Electrical Inspectors and Generators for Existing Dwellings
What is a generator and how do we inspect it on a residential application? Simply put, a generator is composed of two main parts, a prime mover, and an alternating-current or direct-current motor. The prime mover spins the motor causing an electromagnetic field to be induced onto the magnetic pole(s) of the motor. The number of poles the motor has, determines what the generator produces such as, single-, two-, or three-phase power. This is a very simple explanation. The generators can be permanently connected or portable. As inspectors we normally will not be looking at the internals of a generator since most are a permanently connected listed piece of equipment. Some gen sets use a combustion engine for prime mover or possibly a wind turbine, which could be fueled by natural gas or liquified petroleum gas (LPG). For this blog, we will discuss a permanently installed combustion engine type generator set being added to an existing residential dwelling. These installations are referred to in the NEC as optional standby systems and covered under article 702. The rating of most residential generators is not typically over 22 kilowatts (KW) and may be considered a gas fired appliance by the mechanical code. Frequently these installations require more than one inspector.
When I was inspecting in the field, one of the initial items I requested was the installation instructions for the unit. This would provide additional information like clearances from buildings, windows, or doors, as well as specific wiring requirements. After proper clearances were verified, I would look for the disconnecting means required by the 2020 National Electrical Code® (NEC®), section 445.18 and they are:
- Emergency shutdown of prime mover – this disconnecting means is designed to disable the prime mover from inadvertently starting again and requires a mechanical reset to reengage the prime mover
- Remote emergency shutdown – this disconnecting means is applicable to generators over 15 KW rating and is located outside of the generator enclosure or equipment room, so this may affect larger one- or two-family dwellings.
- Emergency shutdown in one- and two-family dwelling units – this disconnecting means is for any generator at a one- or two-family dwelling and must be outside the dwelling in a readily accessible location.

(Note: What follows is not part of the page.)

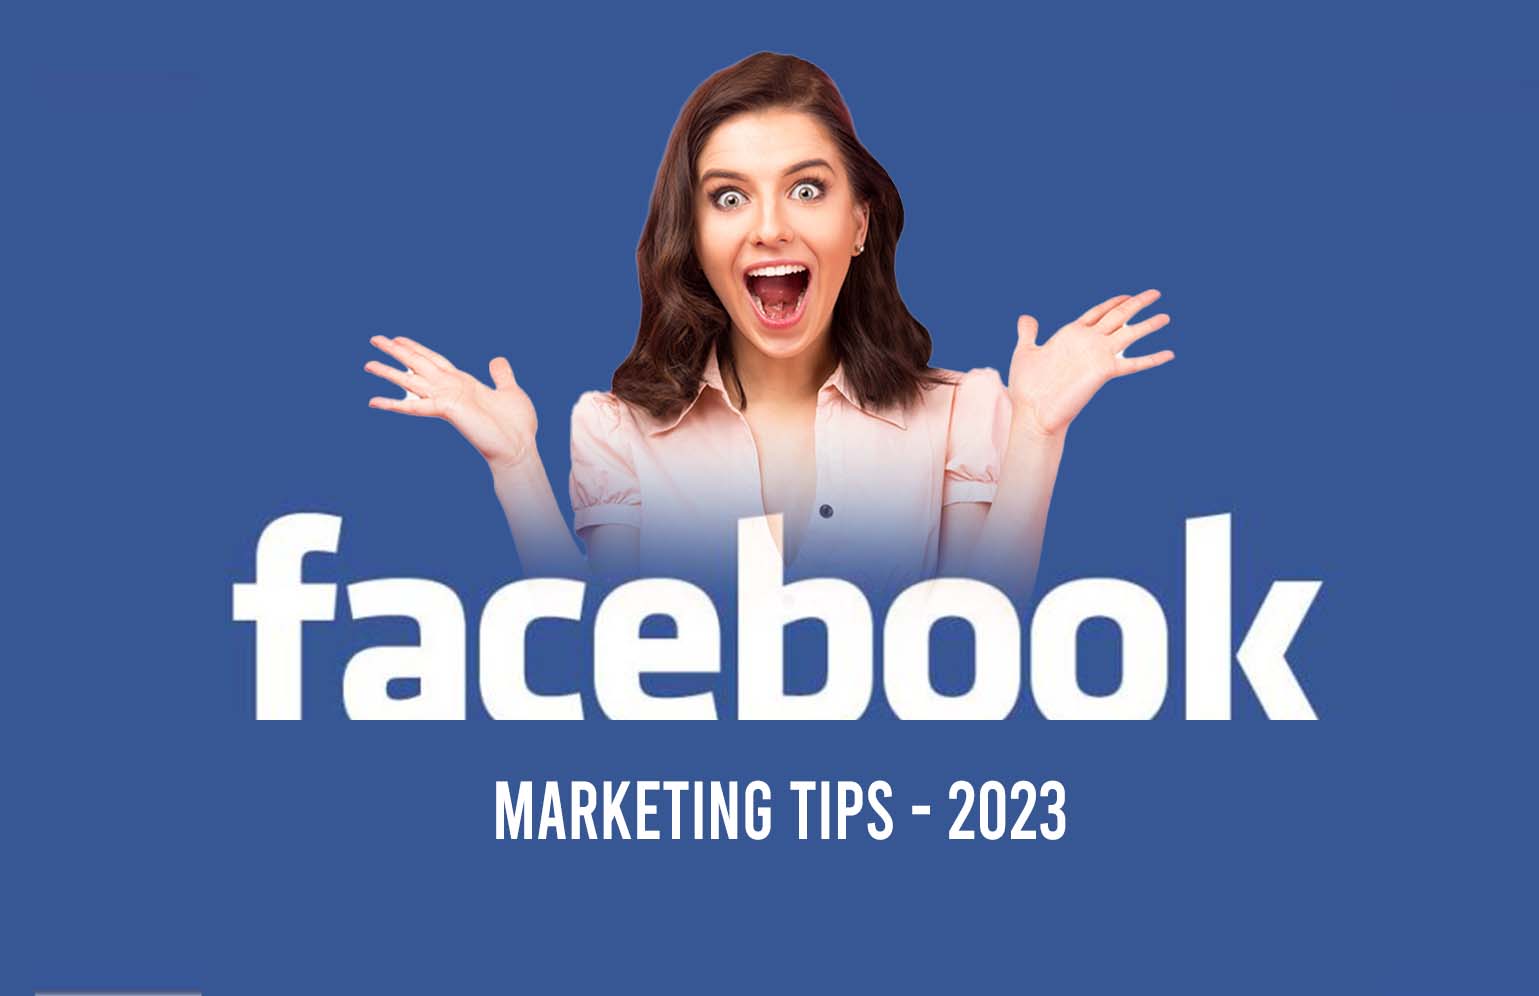 Facebook Marketing Tips for 2023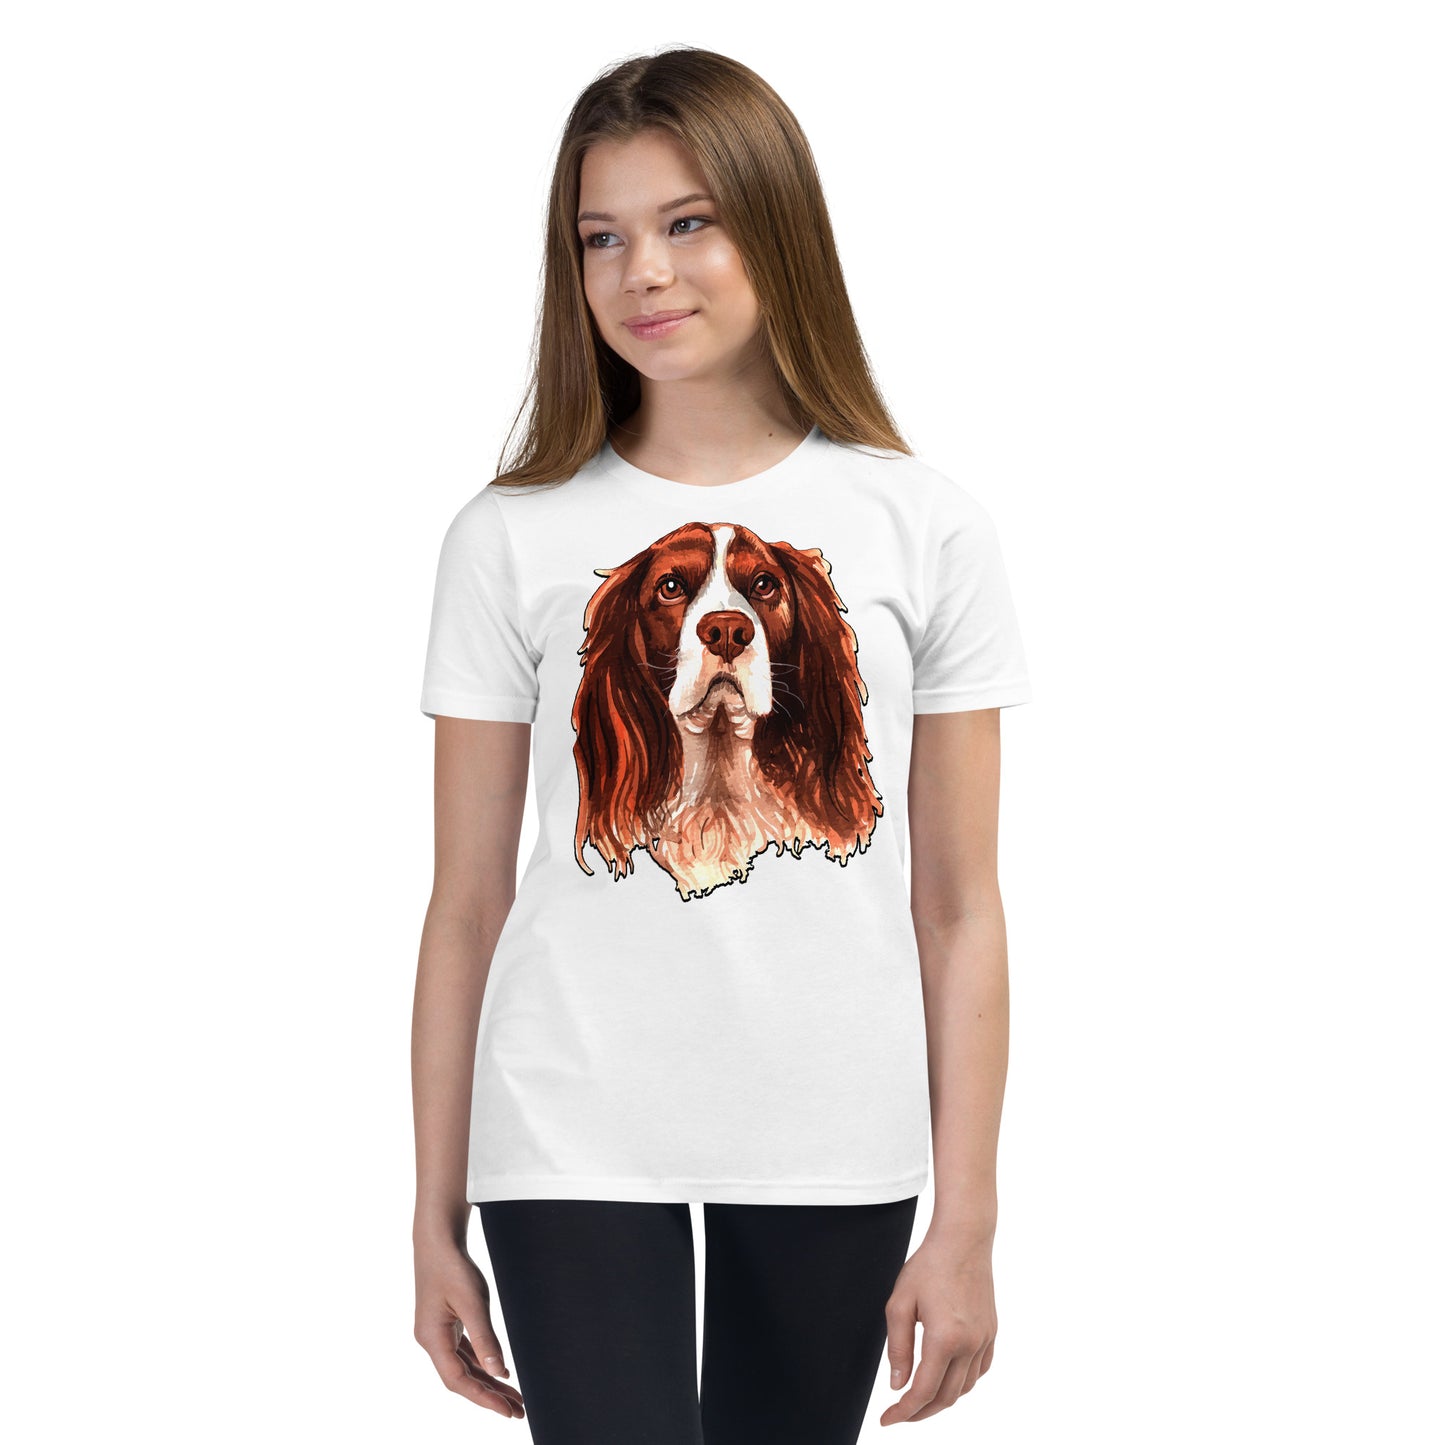 Cute Dog Illustration T-shirt, No. 0191

These disconnecting means should not be confused with the transfer switch, or the overcurrent protective device located within the generator housing for the feeder conductors running to the transfer switch.
Being somewhat familiar with other codes I would frequently ask the installer or owner if they had contacted the utility company to determine if the current gas meter or regulator was sufficiently sized to handle the increased gas consumption created by the generator. Often, they had not. This may not seem important but asking this question may have saved them from being without the generator or heat when it was needed. Gas meters and regulators are typically sized for a specific cubic feet per minute flow at the time of installation, based on the amount of British Thermal Units (BTUs) required by the appliances in the dwelling. By adding additional BTUs to an existing gas meter without being upgraded could mean the gas fired appliances will not have sufficient gas flow to function properly. Inspectors asking questions, even when it is not within the area of your expertise, can almost always help avoid future problems for the customer.
Moving to the transfer switch, I would determine if there was as an integral main overcurrent protective device (OCPD) and then inspect clearances around the switch. When a transfer switch contains an OCPD it frequently means the switch is an automatic transfer switch and is the service disconnecting means. For our scenario this is the case. I then would request a load calculation or provisions to automatically manage the load, sometimes called “load shedding.” Once that information was gathered, I would verify that the switch had a “suitable for use as service equipment” (SUSE) label, and that it had proper capacity, ratings, listing, and labeling. Since the transfer switch is the service disconnect it may also be serving as the emergency disconnect required in the 2020 NEC, section 230.85. Because the transfer switch is being used for both the service disconnect and the emergency disconnect, it must be marked as: EMERGENCY DISCONNECT, SERVICE DISCONNECT. Those markings should be on the exterior of the enclosure and comply with section 110.21(B). Adding emergency disconnects to the exterior of a dwelling is a way that the NEC allows first responders to safely disconnect all power within the structure, which will save time and lives in the event of a fire.
Within the automatic transfer switch, I would also be verifying conductor sizes from meter, generator, grounding electrodes and new feeder to the old service panel as well as properly torqued terminations. The old service panel, typically inside the dwelling, new or existing, now has feeder conductors providing it with power instead of service conductors. Therefore, all neutral conductors must terminate on separate terminal bars from the equipment grounding conductors and the main bonding jumper between the neutral conductor and the panel enclosure must be removed if the panel is existing. If everything checks out, then I would have the installer initiate a power outage scenario to make sure all systems were functioning properly.
This was not an overly deep dive into residential generator and optional standby system inspections, but a good overview of what to look for when conducting them. When on the job do not be afraid to ask questions; they can often lead to the discovery of a potential problem. Catching such issues early in the process allows us to readily address and fix the problem before it has the potential to harm us and others.